We sat under a parasol in front of the convenience store.
Do Gwang-hyun’s eyes filled with grievance as I set down the coffee.
Do Gwang-hyun was a specialist—designing financial fraud schemes and pocketing the proceeds.
Ponzi schemes that promised plausible plans and high returns, raking in hundreds of billions in investment within short timeframes.
Money from the fraud funneled through tax havens and laundered. Everything.
Every scheme existed in Do Gwang-hyun’s mind.
Yet Do Gwang-hyun never participated directly in the fraud itself.
He merely helped design it so they could evade legal consequences.
For that, he typically received between 100 million to 300 million won.
He’d always remained an invisible hand, slipping through investigations undetected.
But it was Prosecutor Seo Jun-kyung—my previous life—who’d caught his tail and thrown him in prison.
“I’m giving you two options.”
Do Gwang-hyun’s eyes gleamed at my words.
I slid a cigarette toward him and continued.
“First option: I keep watching you. Always.”
“What?”
“I’ll have my eyes on your every move. The moment you commit even the slightest crime, I’ll make you a two-time offender. Your name becomes experience points on my resume. How does that sound?”
Do Gwang-hyun bit his lower lip hard.
“Then what’s the second option?”
Seo Jin smiled faintly and continued.
“Help me.”
“…Help you?”
“It won’t be free. You’ll get proper compensation, and I’ll help you with your revenge too.”
“…Revenge?”
“Yeah.”
A flash of murderous intent flickered across Do Gwang-hyun’s eyes.
He clenched his fists and muttered something bitter.
“…How would you know.”
I know.
From when Seo Jin was Seo Jun-kyung.
To catch Do Gwang-hyun, I’d committed everything about him to memory.
Why a man admitted to Korea’s finest university had gotten tangled up with a con artist.
What had caused the prosperous family of a man living lavishly to collapse overnight.
Seo Jin leaned forward and opened his mouth.

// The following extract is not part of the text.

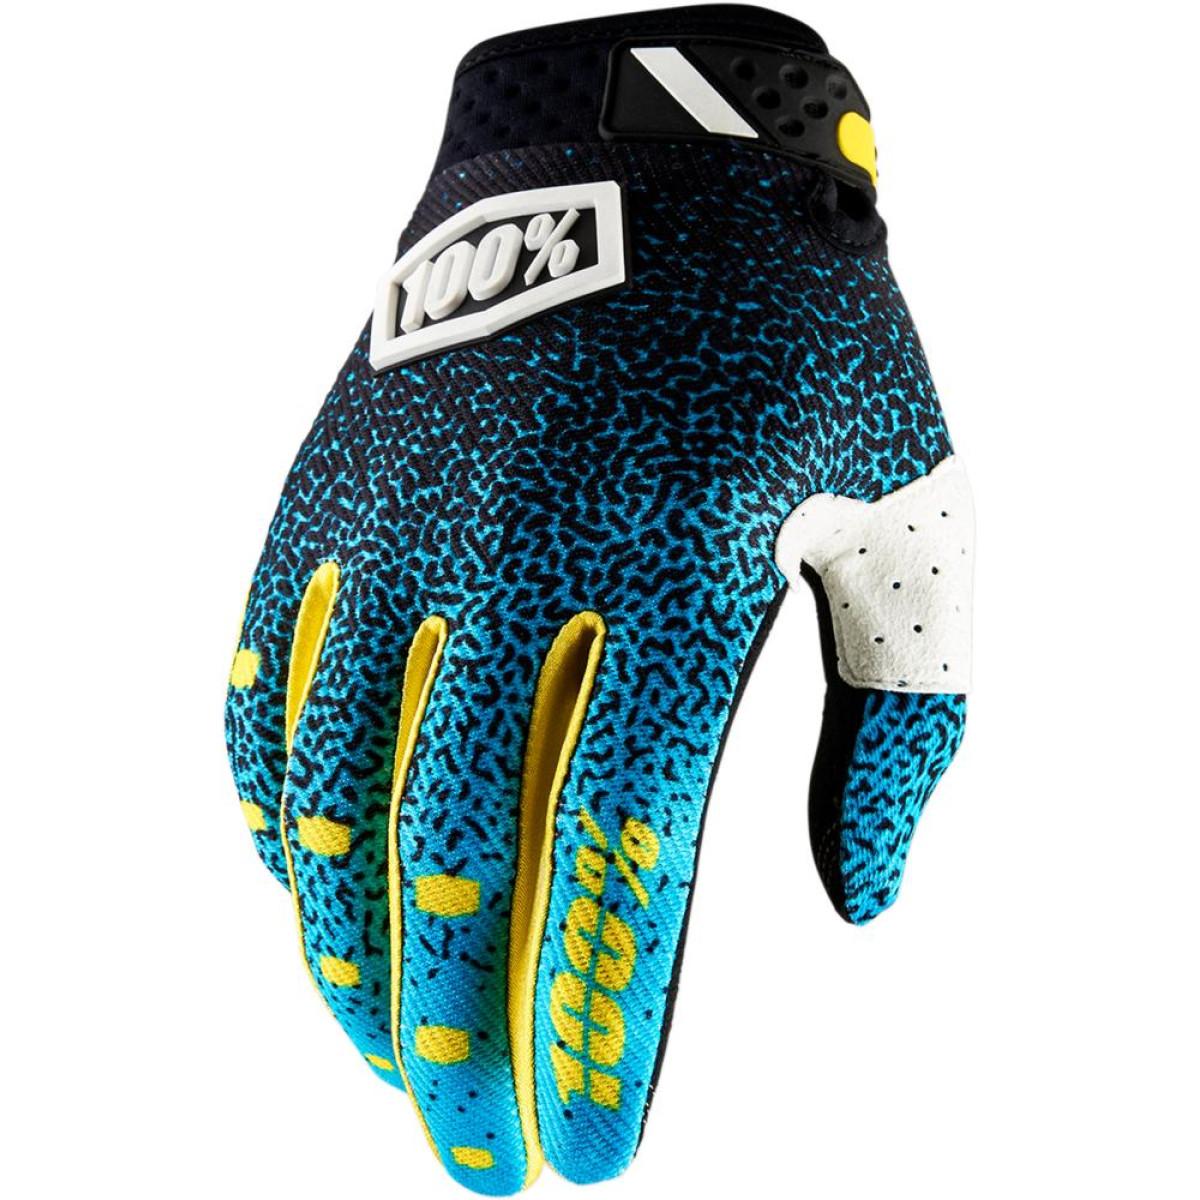 Motokrosové rukavice 100% RIDEFIT Cyan Black 2018 vel. L  35da0c3937

“I know why your parents passed away. Why you crawled through filth to earn money.”
“….”
“Poible. A private equity firm specializing in corporate restructuring.”
“…!”
Do Gwang-hyun’s pupils trembled.
Seo Jin’s voice continued slowly.
“I don’t like those bastards either. I want to destroy them.”
“….”
“But to fight them, I need money. I was hoping you’d help with that.”
Do Gwang-hyun avoided Seo Jin’s gaze.
He exhaled a sigh and pulled out a cigarette from the table, placing it between his lips.
As he exhaled smoke, only his pupils shifted toward Seo Jin.
“How did you find out?”
“Prosecutor Seo Jun-kyung told me.”
“The prosecutor told you?”
“Yeah.”
When Do Gwang-hyun was in prison, it was Seo Jun-kyung who had looked after his ailing parents.
And Seo Jun-kyung had been there during the funeral as well.
To Do Gwang-hyun, Seo Jun-kyung was both the man who had imprisoned him and his benefactor.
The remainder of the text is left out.